После купания все же познабливало, Харламов вернулся к дому, уселся на террасе.
Сопровождаемая кошками, прошла с сумкой «Marlboro» через руку, направляясь за покупками, хозяйка. Харламов вдавился в балясины перил, он боялся упреков, вероятно, вчера горланил или был назойлив и глуп. Однако нет, она кивнула, даже улыбнулась, ни о чем не спросила, прошла. Но на ее пальце Харламов увидел то самое граненое обручальное колечко.
Он встал, он немедленно направился к Медеичу.
— Я думал, — сказал он, набычившись. — Медеич, я думал, у кольца другая хозяйка.
— Сандро! Дорогой! — возрадовался коварный Медеич. — Конечно! Какие разговоры! Если она приедет, мы ей сразу дадим ее кольцо, зачем ты сомневаешься!
— А если не приедет? Если не приедет она, князь?
— Сашиу! Как она захочет, так она и сделает!
— Надо написать ей письмо! — сказал Харламов.
— Да?! — Восхищенный топор. — Напишем, Сашиу! Я сам напишу! Напишем.
И Медеич протянул стаканчик. Харламов замотал головой.
— Давай, давай, будет хорошо! Мне можно верить, Сашенька! Пей! — покрикивал Медеич тоном зазывалы.
— Семьдесят два, — сказал Харламов, послушавшись.
Он сел на пригорке в ожидании, пока Медеич проверит ненаучные данные научным прибором.

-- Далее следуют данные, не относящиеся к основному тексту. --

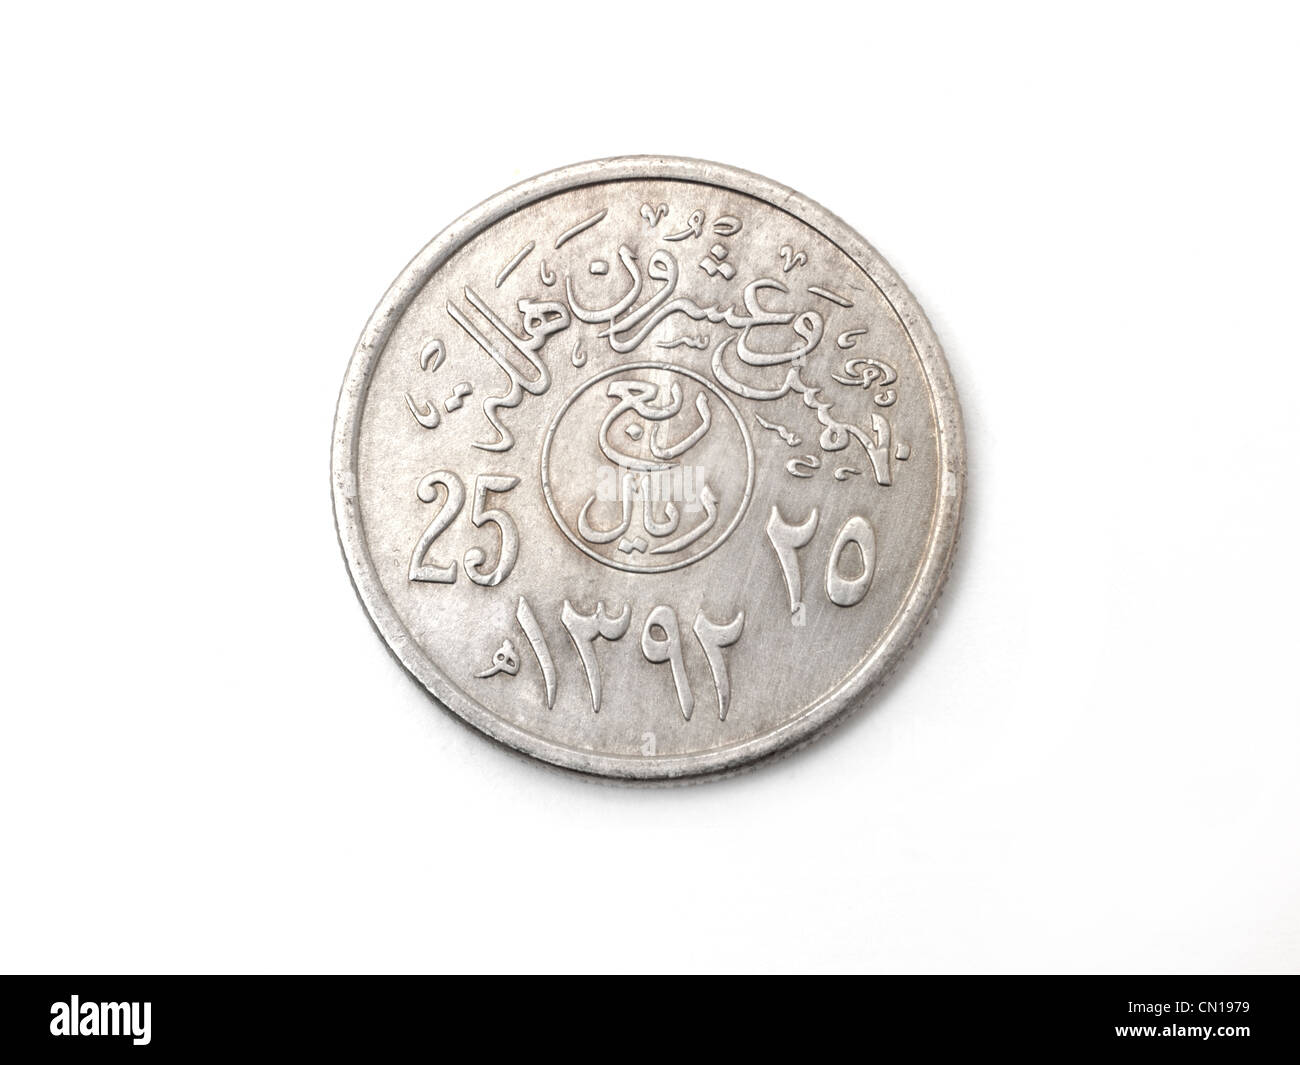 25 Halalas Saudi Arabischen Münze Vorderseite Stockfoto Bild
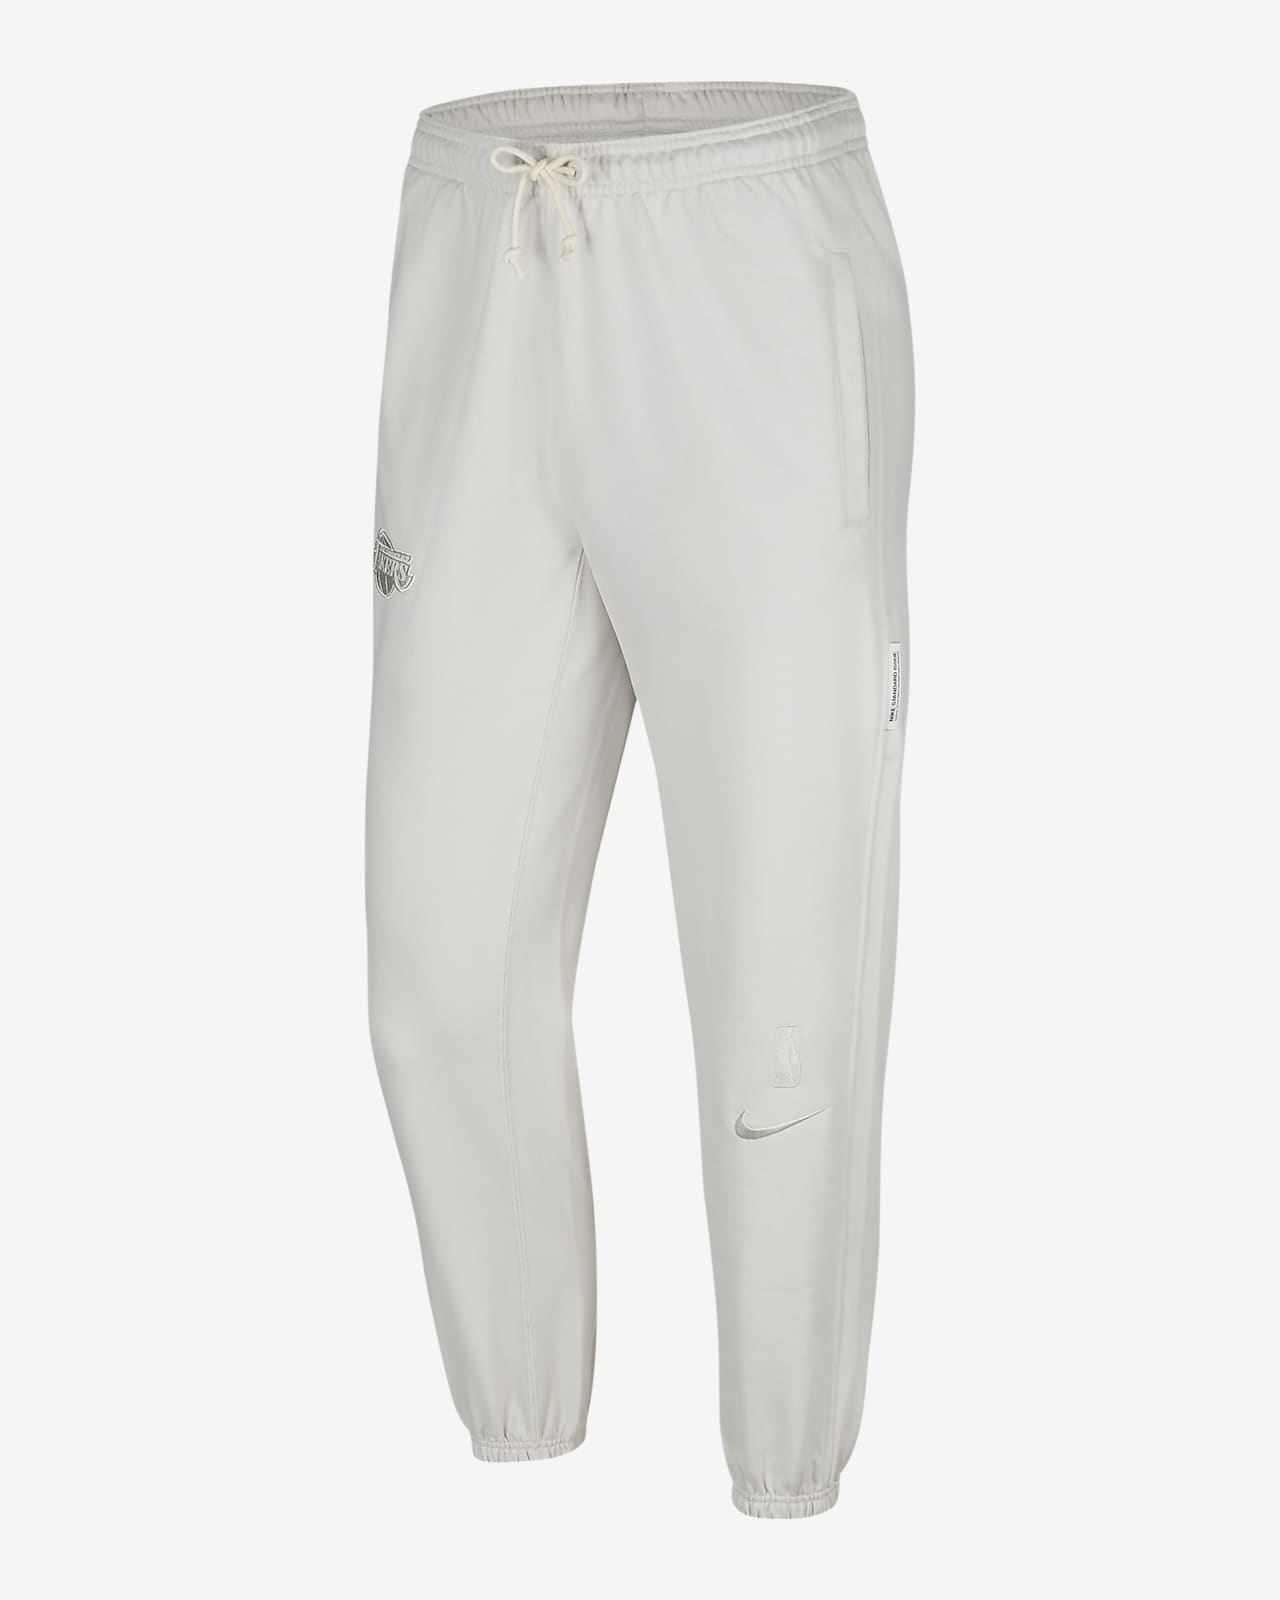 Lakers Standard Issue Men's Nike Dri-FIT NBA Trousers

Плантация простиралась до самых гор, конца ей не было видно. И каждое мандариновое дерево и рядом, и в сумеречном отдалении в то пасмурное утро казалось моделью галактики, в которой, незримо вращаясь, медленно зрели зеленые планеты. И весь сад, соблюдая равнение в строго параллельных рядах, казалось, медленно вращался вокруг перекрестка уходящих в перспективу параллелей, и можно было подумать, что сама ее величество земная ось тайно поселилась в центре его вращения — слишком явно сосредоточенная отчужденность плодов, шарообразность деревьев и даже кругоподобное движение времени, руководящее жизнью сада, всеми его переменами, намекали на всеобщий, вселенский порядок вращения.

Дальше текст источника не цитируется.